CHAPTER X. THE LIFE OF THE "SAMURAI" IN OLD JAPAN
Arai Hakuseki has given us a picture of the character and the life of the samurai of Old Japan. He lived in the middle period of the long peace which followed the victories of Tokugawa Ieyasu, while the power of the Shogun was still unshaken, and the thought of coming changes had not entered the minds of the most progressive men. His autobiography was written for his own family, in 1716, and it was given to the public only in 1890 when a variety of manuscripts by the author were printed. It has therefore the advantage of being written by a Japanese for Japanese, without thought of foreign reader or critic, and it gives a picture of life truer than may be possible in these more self-conscious days, when Japan has adopted a policy and is never unmindful that the world watches its success. Arai does not describe Japan for the traveller, nor for the student, but he writes when his day's work is done with the unconsciousness of the man whose environment is unchallenged and whose ideas are the expression of an orthodox philosophy.

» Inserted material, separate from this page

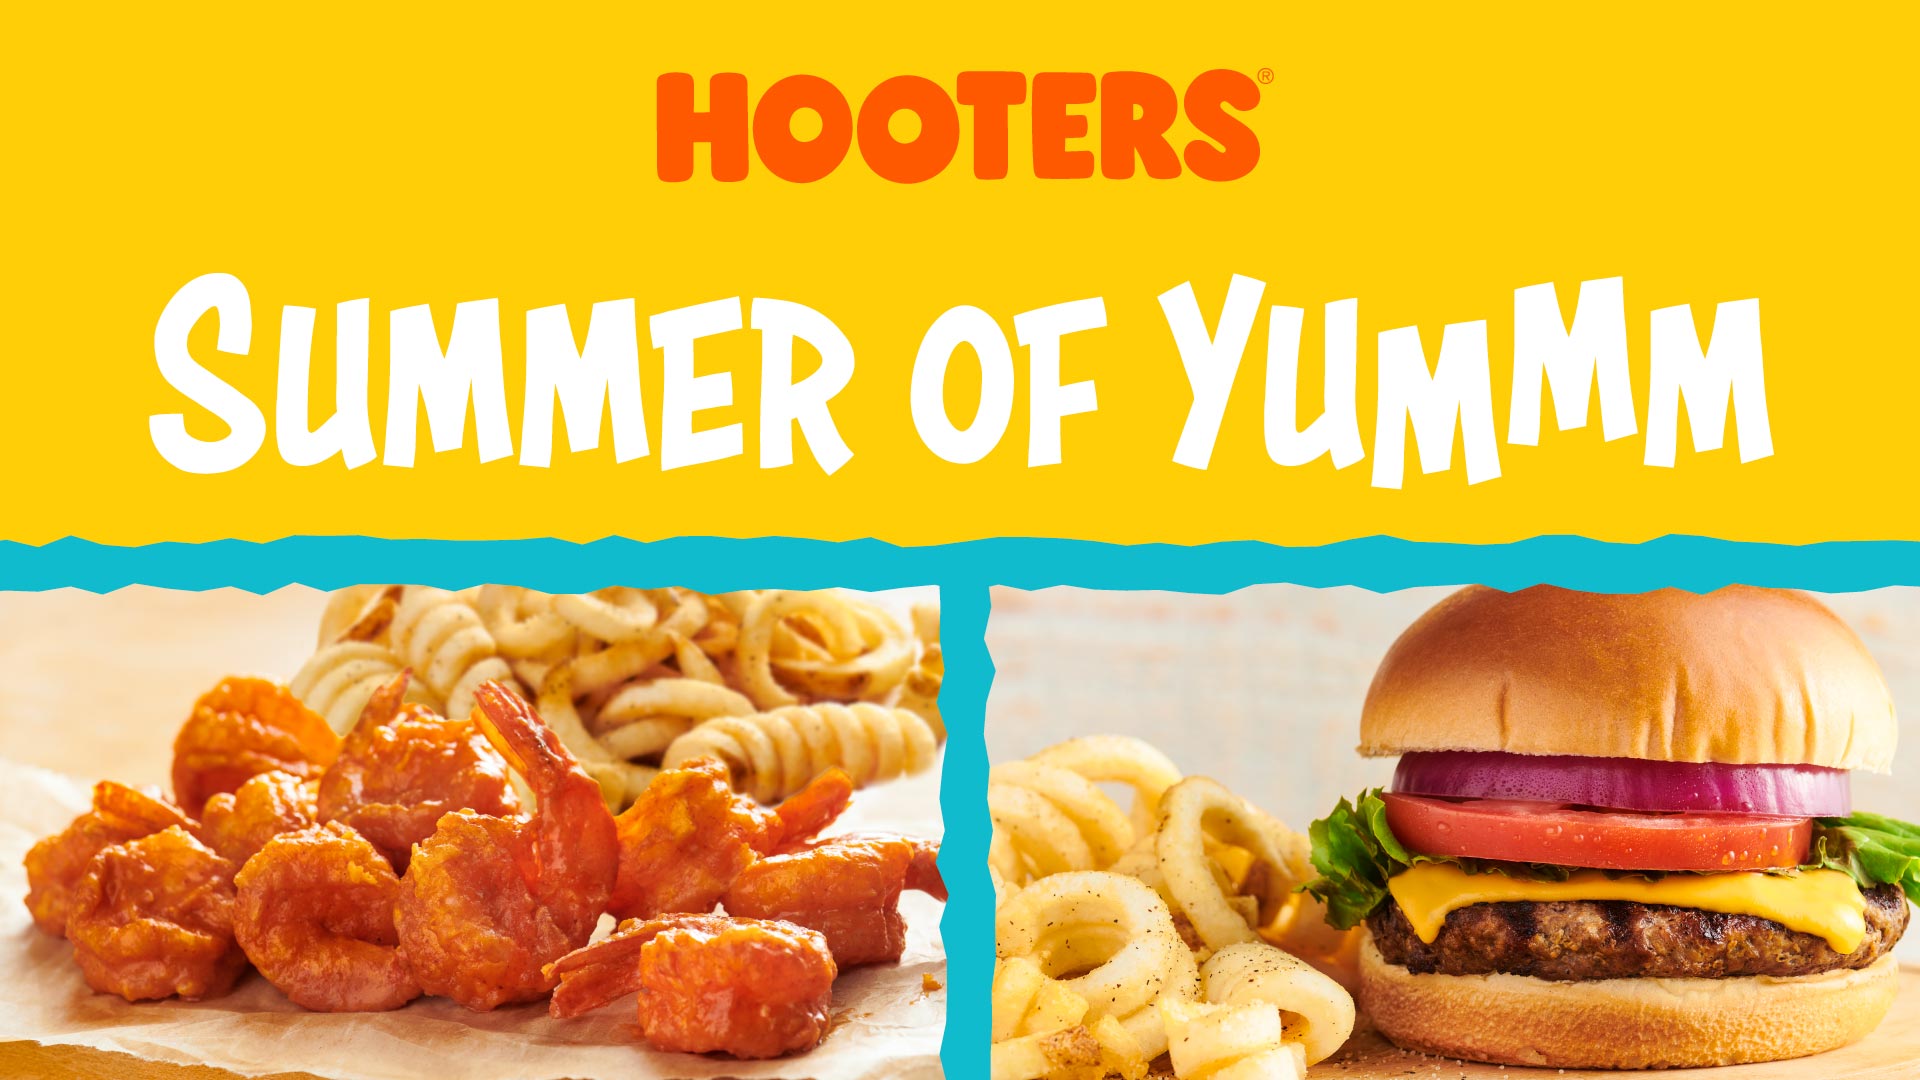 Hooters Summer of Yummm

He claimed descent from the two most aristocratic of the princely families, but his grandfather had lost his estates and Arai refused to believe the stories told of him. Arai's father made his own way in life and at Arai's birth was past middle life and the trusted adviser of a petty noble. Arai describes him as a representative samurai: "As I remember my father he was very grey, his face was square, his forehead high, his eyes large and his beard heavy. He was short, large-boned, and strongly built. He showed no sign of emotion in his voice, nor did he laugh loudly or scold in an angry voice. His words were few, his movements dignified, and I never saw him surprised or lacking in self-control. When off duty he cleaned his room, hung up some ancient painting, arranged a few flowers of the season, and sat still all day or sketched flowers. He did not care for coloured pictures. When well he would not have his servants wait on him at meals. He ate two bowls of rice and a variety of other things, weighing them that he might not hurt himself by eating too much of any one. He did not pick and choose, but ate what was set before him, whether he fancied it or not, weighing the dishes in his hand to determine the quantity. He did not order his meals, though he insisted upon having the fresh food of the four seasons when it was in market, and ate it with the family. He was easily affected by wine and merely took the cup in his hand at the ceremonies. Tea he much liked.

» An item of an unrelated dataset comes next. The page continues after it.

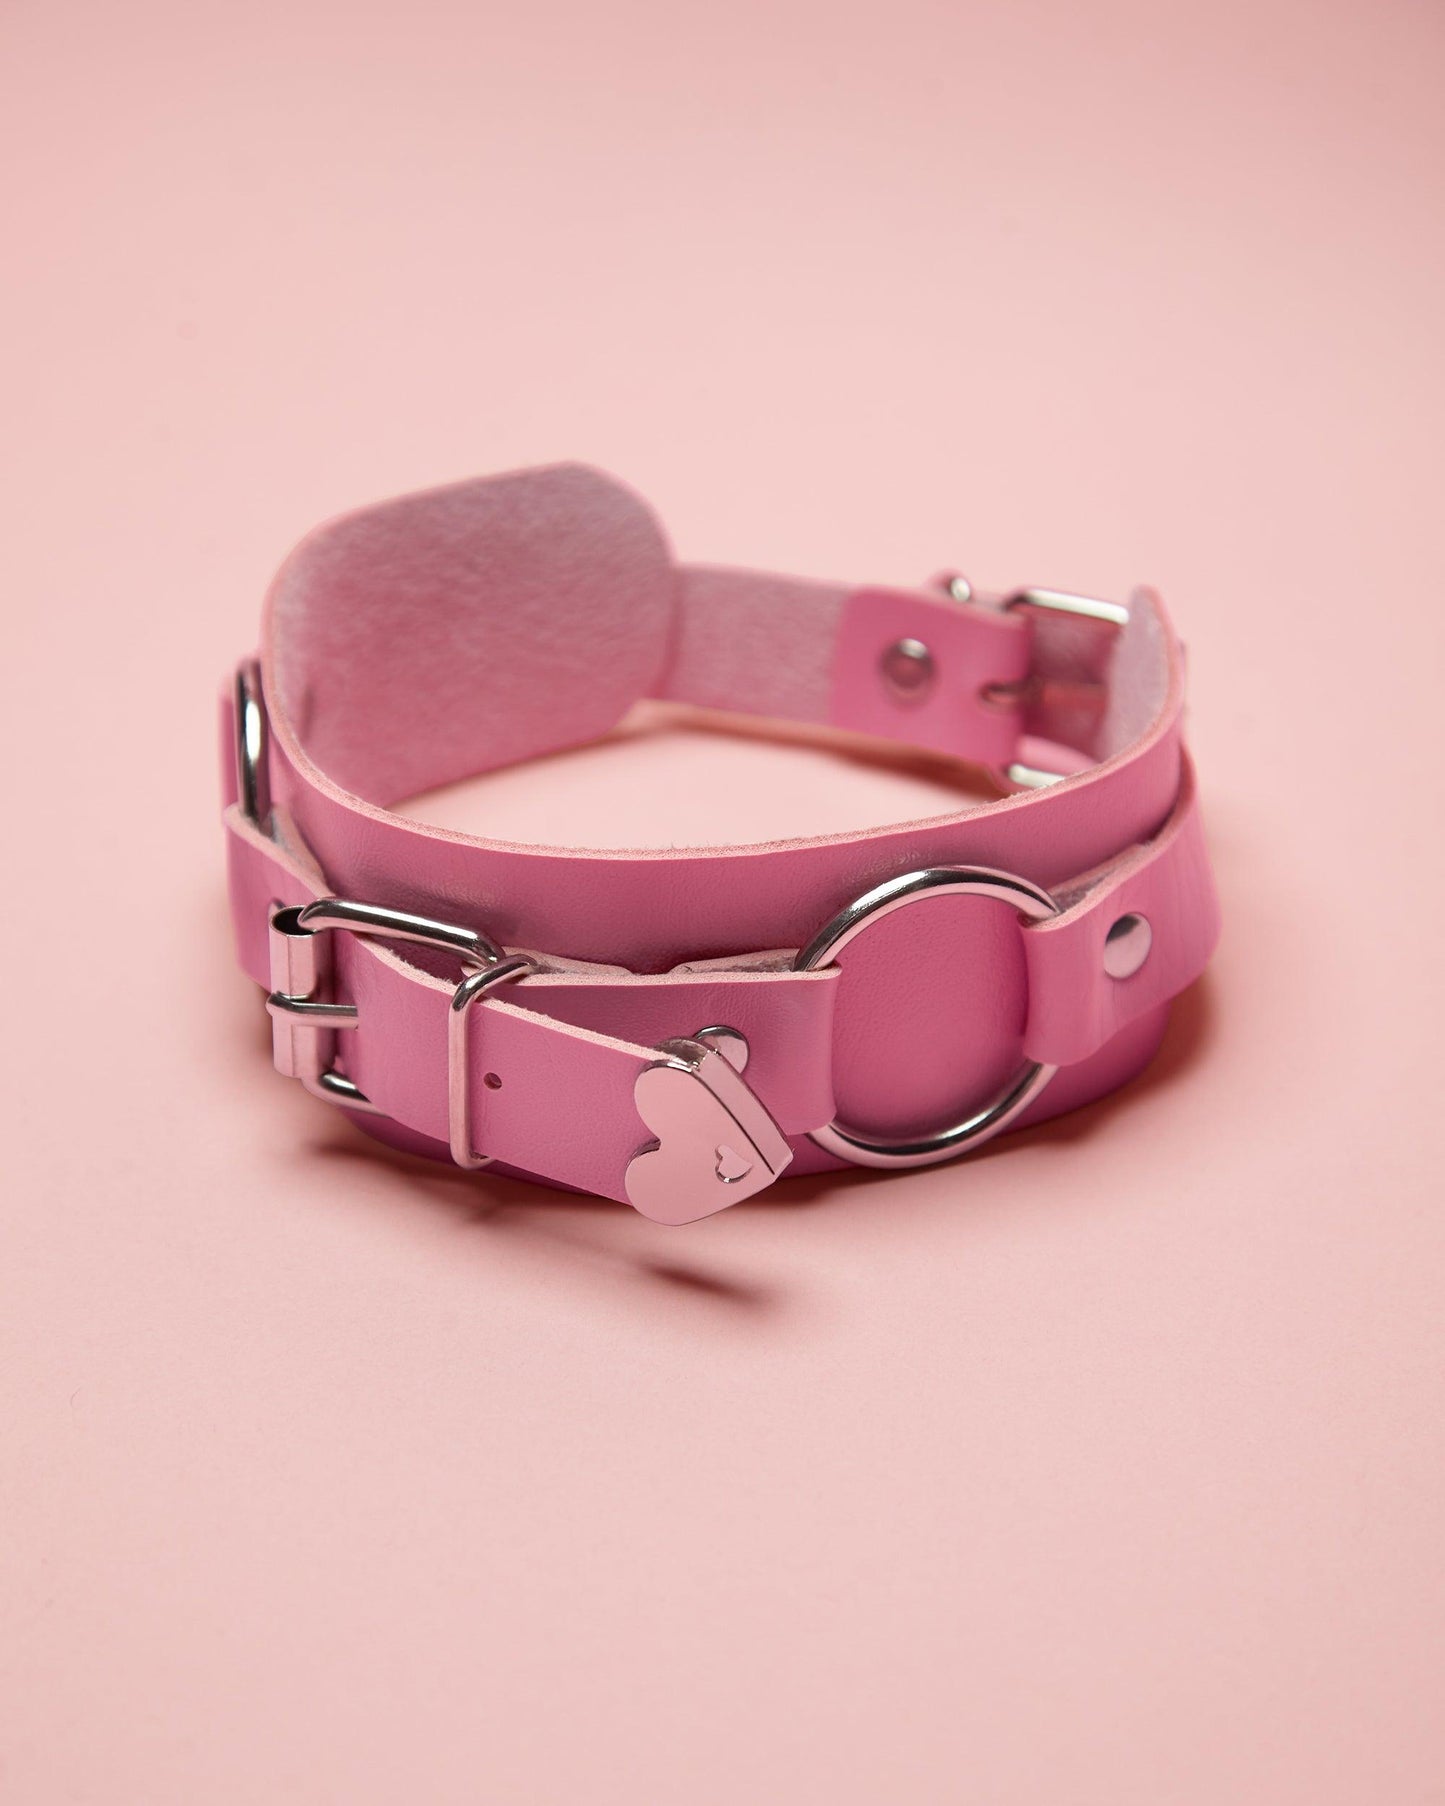 💕 Pink love heart, anime inspired choker 💕

"At home he wore carefully washed clothes, nothing soiled even in bed, and when he went out his clothes were fine and new, but not extravagant nor beyond his rank. He chose carefully the decorations for his fans, having his better ones decorated by famous artists, and still more particular was he as to the ornaments of his sword and armour. His life followed a strict and uninterrupted routine: he awoke at four in the morning, bathed in cold water and dressed his own hair. In very cold weather my mother wished him to use hot water for his bath, but he would not, because of the trouble to the servants. When he was past seventy fire was kept in the foot-warmer at night and, as water could be heated there without trouble to any one, he used it for his morning bath.
"My parents were Buddhists and after their bath they put on special garments and worshipped the Buddhas, and on the anniversaries of the death of their parents they prepared the rice without aid from the servants. When they awakened before dawn they sat up in bed and silently awaited the day, arising as soon as it was light enough for them to see.
"Father's road lay to the north, but he went out of the south gate, and turned to the east, returning he went to the west and entered by the north gate. His sandals had iron knobs and he walked with resounding steps, giving notice of his approach. All knew his tread and hushed crying babies at the sound."
In this the classical examples were followed: in the morning he turned to the east, and in the afternoon to the west, for he would not turn his back to the sun: he walked with loud steps, that he might not be thought to sneak upon any one unawares, and his whole conduct indicated a man of self-control and self-respect. He knew also the nature of his countrymen, as Arai illustrates:
"While still a young man father was put in charge of three samurai who were charged with murder. He accepted the position on condition that the swords of the men were returned to them. When this had been done he said to his prisoners: 'If you escape cut off my head and take it with you. I cannot fight three men.' So he took off his own sword, wrapped it in a cloth, and put it aside. Unarmed he ate and slept with them for ten days, when they were acquitted. They then told him how they had determined to fight him, three unarmed against one armed, but that they could do nothing when their swords were returned and his made useless. It were better to stand trial than for three men armed to attack one without a Sword."
Arai briefly describes his mother: "She wrote a good hand, composed verses, read many books, was a skilful player of go and on the musical instruments. She thought women should weave cloth and make clothes, so she made father's and mine. I have some of her making yet. The proverb says, 'Like marry like,' and so was it with my parents, they were alike in words and actions."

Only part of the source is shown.